= Exercise brief =
The required answer is the data below, restated word for word with images omitted.

= Data excerpt =
____________

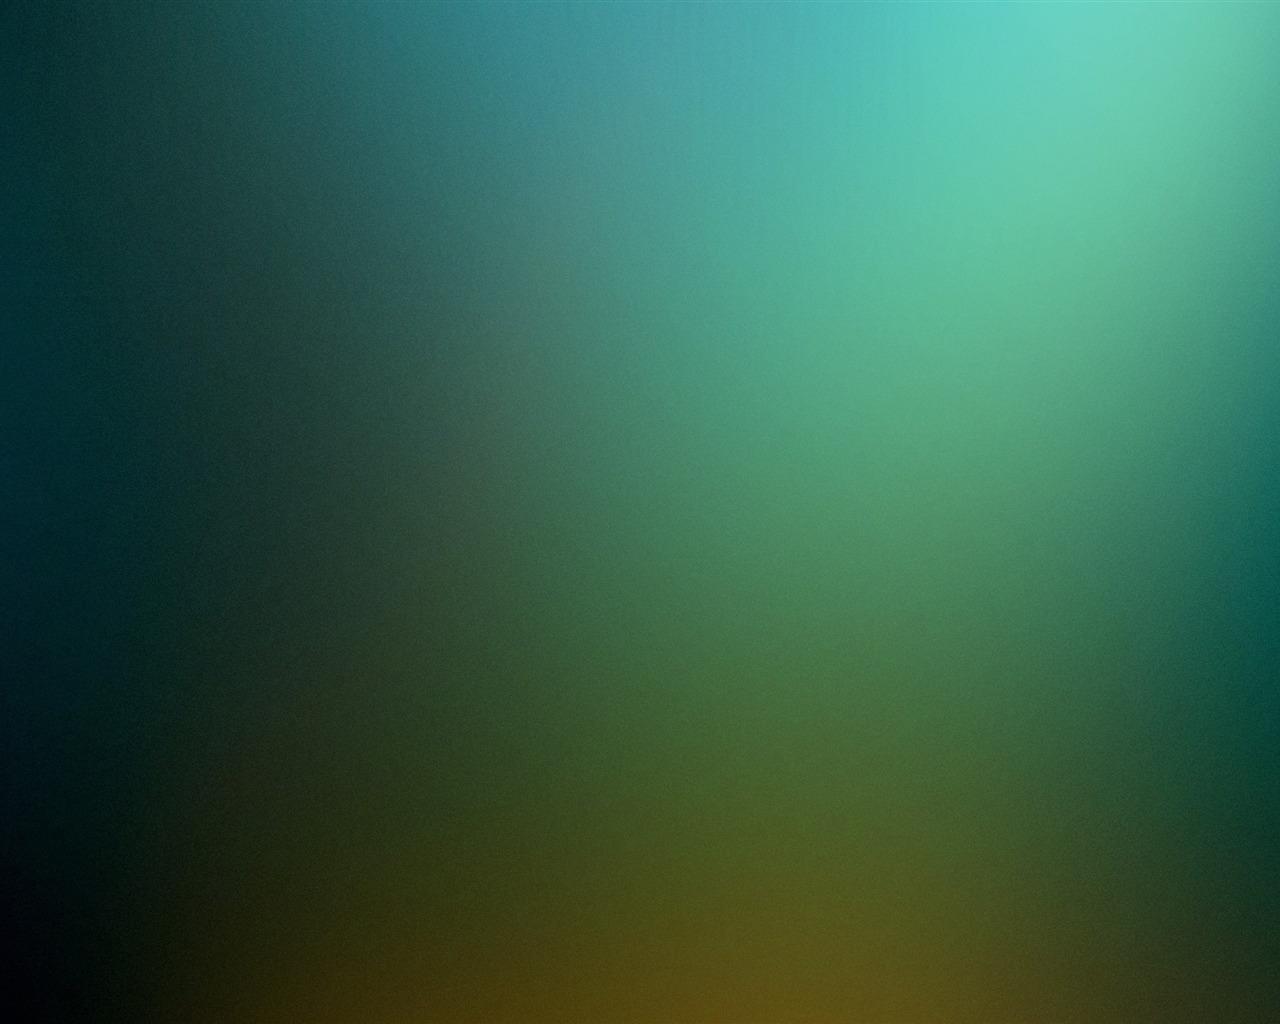 描述: 绿色背景斑点-设计主题高清壁纸 当前壁纸尺寸: 1280 x 1024图片
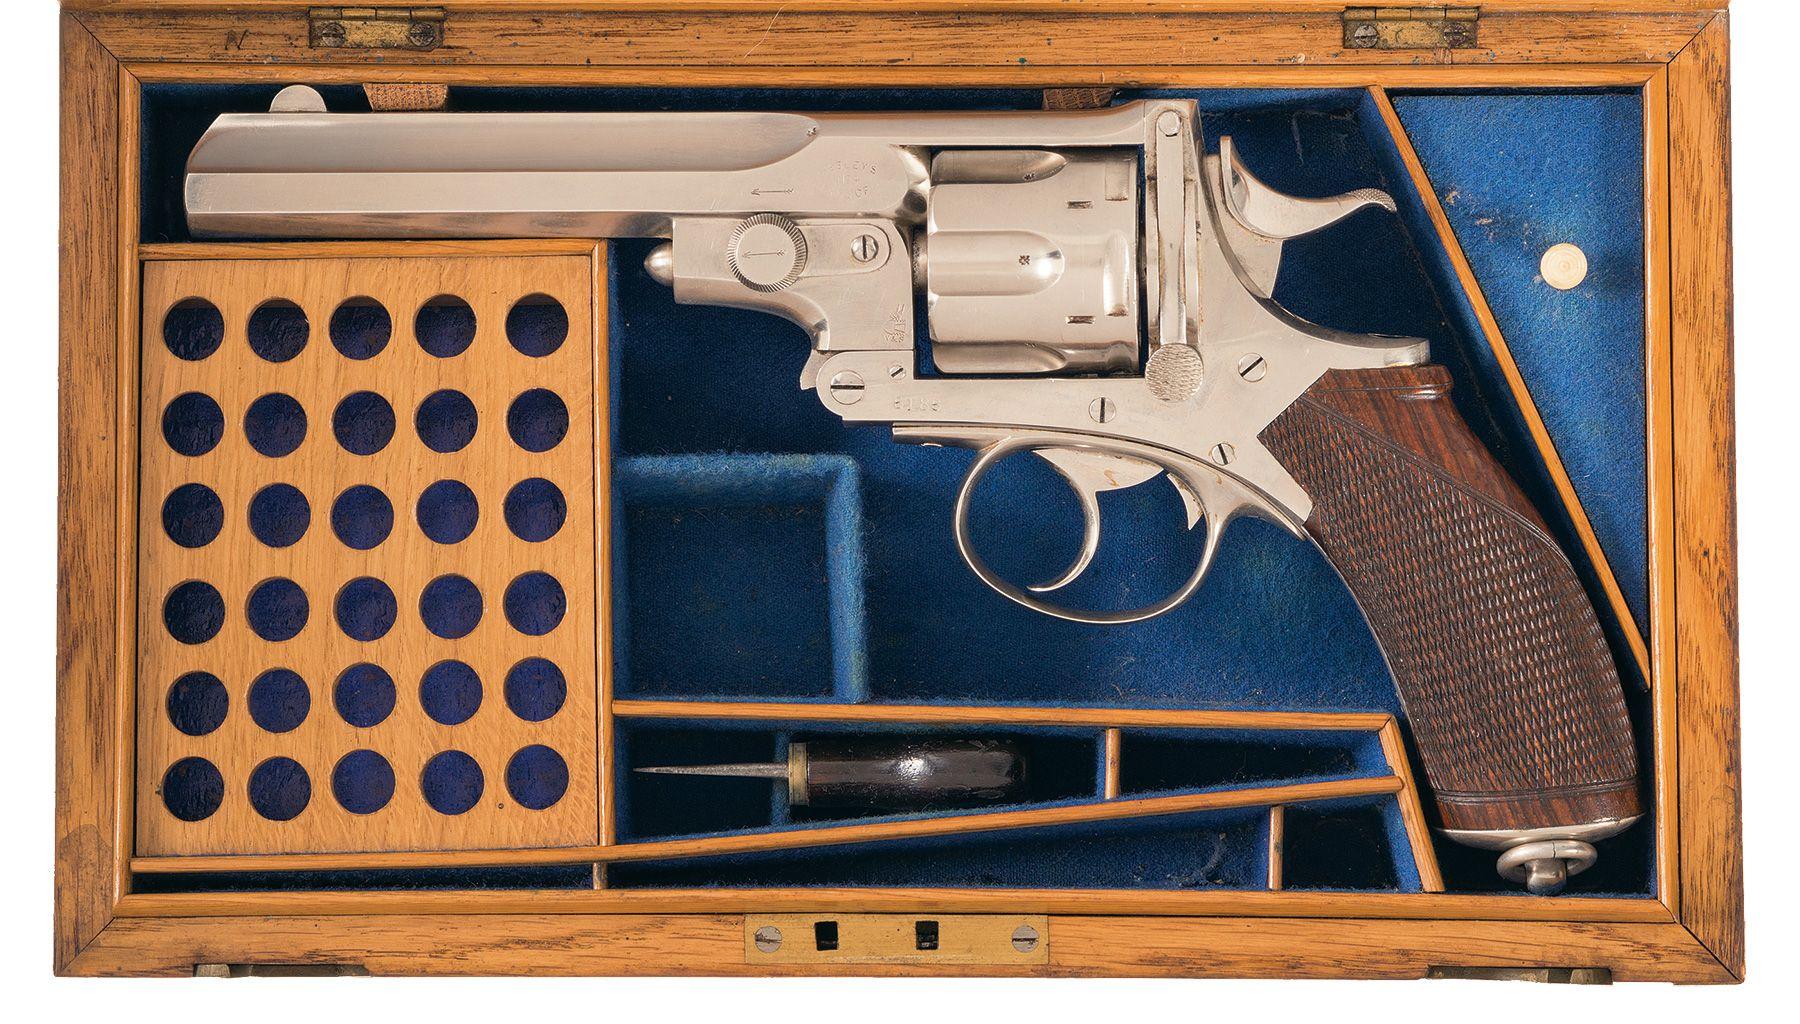 Webley-Pryse No. 4 revolver
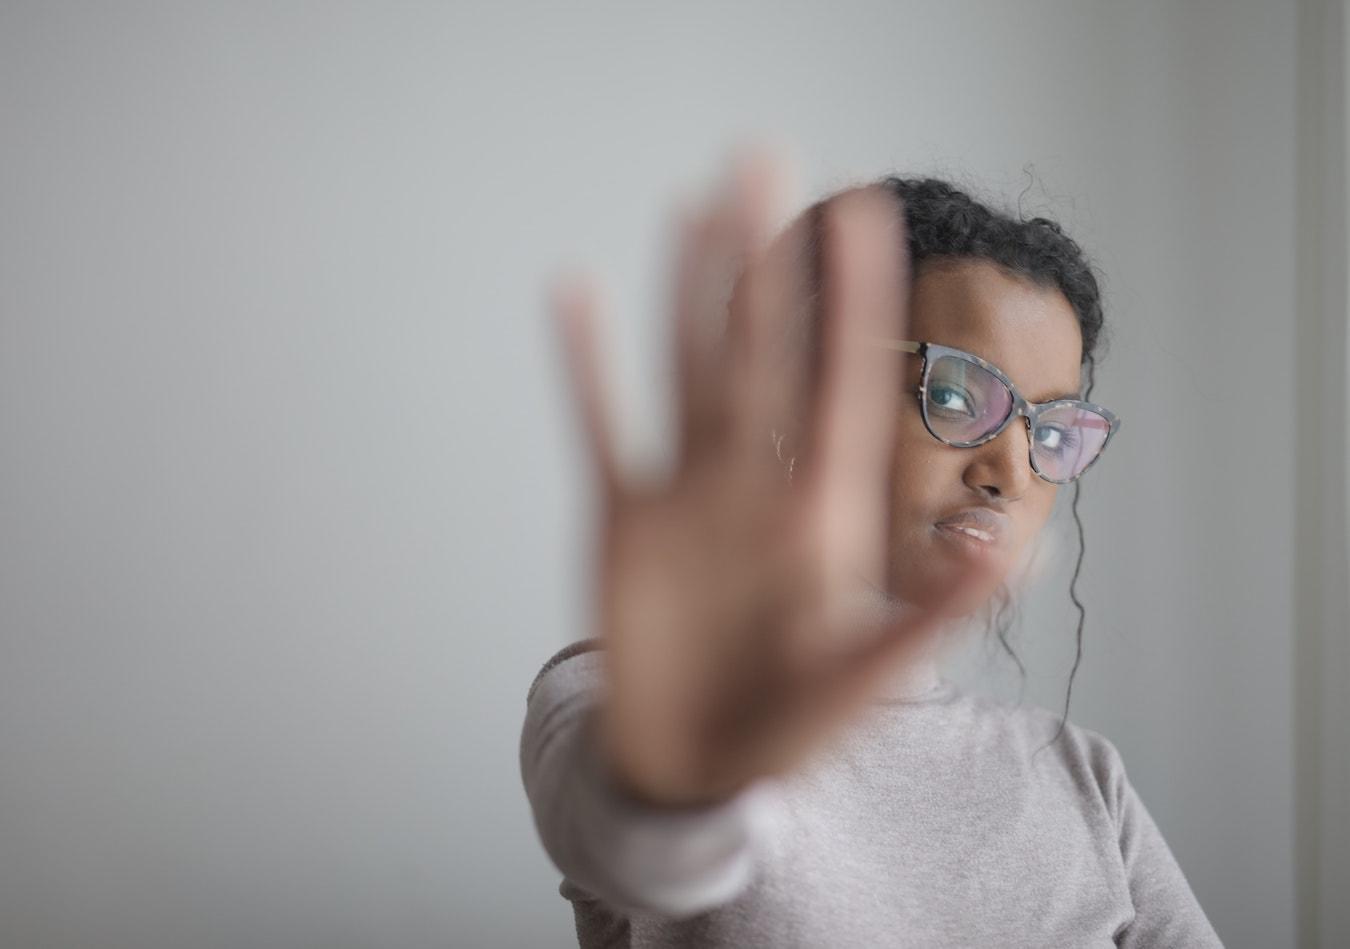 junge Frau hält ihre Handfläche ablehnend vor sie Angst vor Ablehnung

____________

= Solution for this exercise =
 描述: 绿色背景斑点-设计主题高清壁纸 当前壁纸尺寸: 1280 x 1024图片
 Webley-Pryse No. 4 revolver
 junge Frau hält ihre Handfläche ablehnend vor sie Angst vor Ablehnung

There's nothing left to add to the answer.